** For the purposes of this post, we're discussing woven shirts, not knits or t-shirts. **
*** And I apologize in advance for some of the crappy photos. Shooting pics quickly in a busy thrift store didn't make for a nicely lit, well-composed photo shoot. :( I'm sorry! ***
First, some ground rules for ALL thrift store clothing and fabric shopping. . . .
Pass on an item if you find these blemishes or issues:
-- funky smells (especially moth balls! UGH!)
inspect all items carefully and closely!
Of course, there are always exceptions to these rules. I buy vintage linens all the time, and 99% of the time, there are stains or tiny holes in them somewhere, but there's enough good, usable fabric to justify the purchase.
Another example would be if you find a cool shirt with some amazing embroidered detail that would be perfect on a tote bag, but you spot a small stain near the hem. Buy it anyway! You can probably work around the stain, and hey -- it might even wash out!
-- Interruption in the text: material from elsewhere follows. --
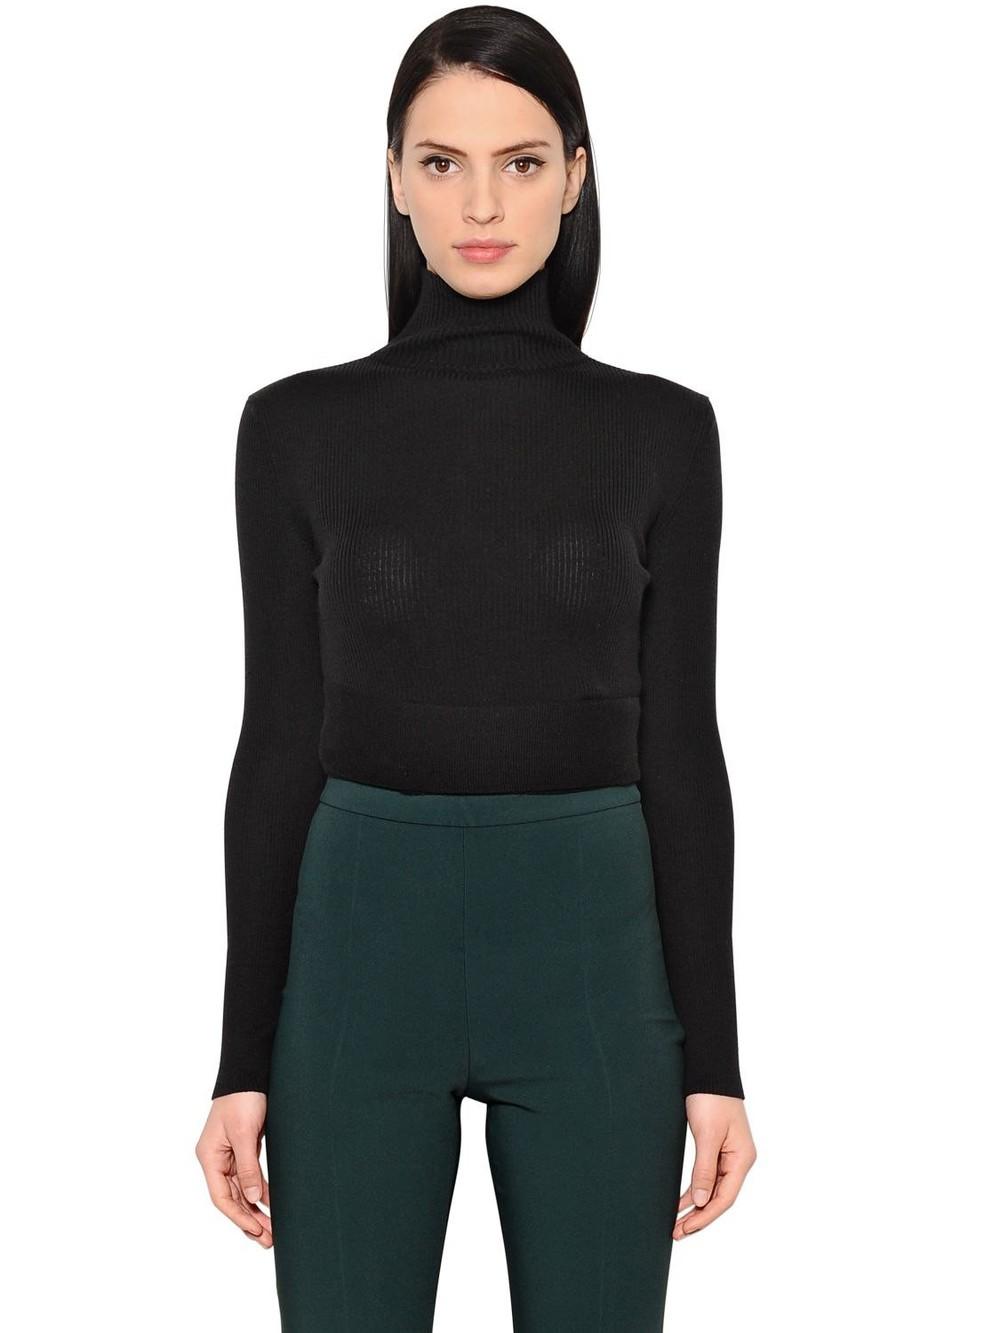 ANTONIO BERARDI Wool & Silk Cropped Sweater in black

The only rule I would never break is the funky moth ball smell rule. Just don't. Not worth it.
Choosing your shirt. . . .
Some fabrics, while very wearable, aren't good choices for, say, home decor projects or tote bags. They're too flimsy or soft, and won't hold up to daily use. If it feels too flimsy or soft in the hand, it's probably best to pass on it. (Rayons, satins and silks are good examples of what to avoid.) Like this one. . . .
This next shirt caught my eye. I liked the unique print and boxy shape (no darts, tucks or seams!). . .
but upon closer inspection. . .
I can see my hand through the fabric,
so I passed on it.
If the fabrics feel stiffer, heavier, "bolder," then it's probably a better fit for your sewing needs. Look for cotton, cotton blends, poly blends, linens, linen blends, even wool and wool blends. . . .
nice poly-cotton blend, so this one's a. . . .
Men's shirts. . . .
As far as shirts go, you'll find the most yardage in men's shirts. They also tend to have the least amount of tailoring and darts, so the fabric will lay the flattest = easiest for you to use in your planning and cutting.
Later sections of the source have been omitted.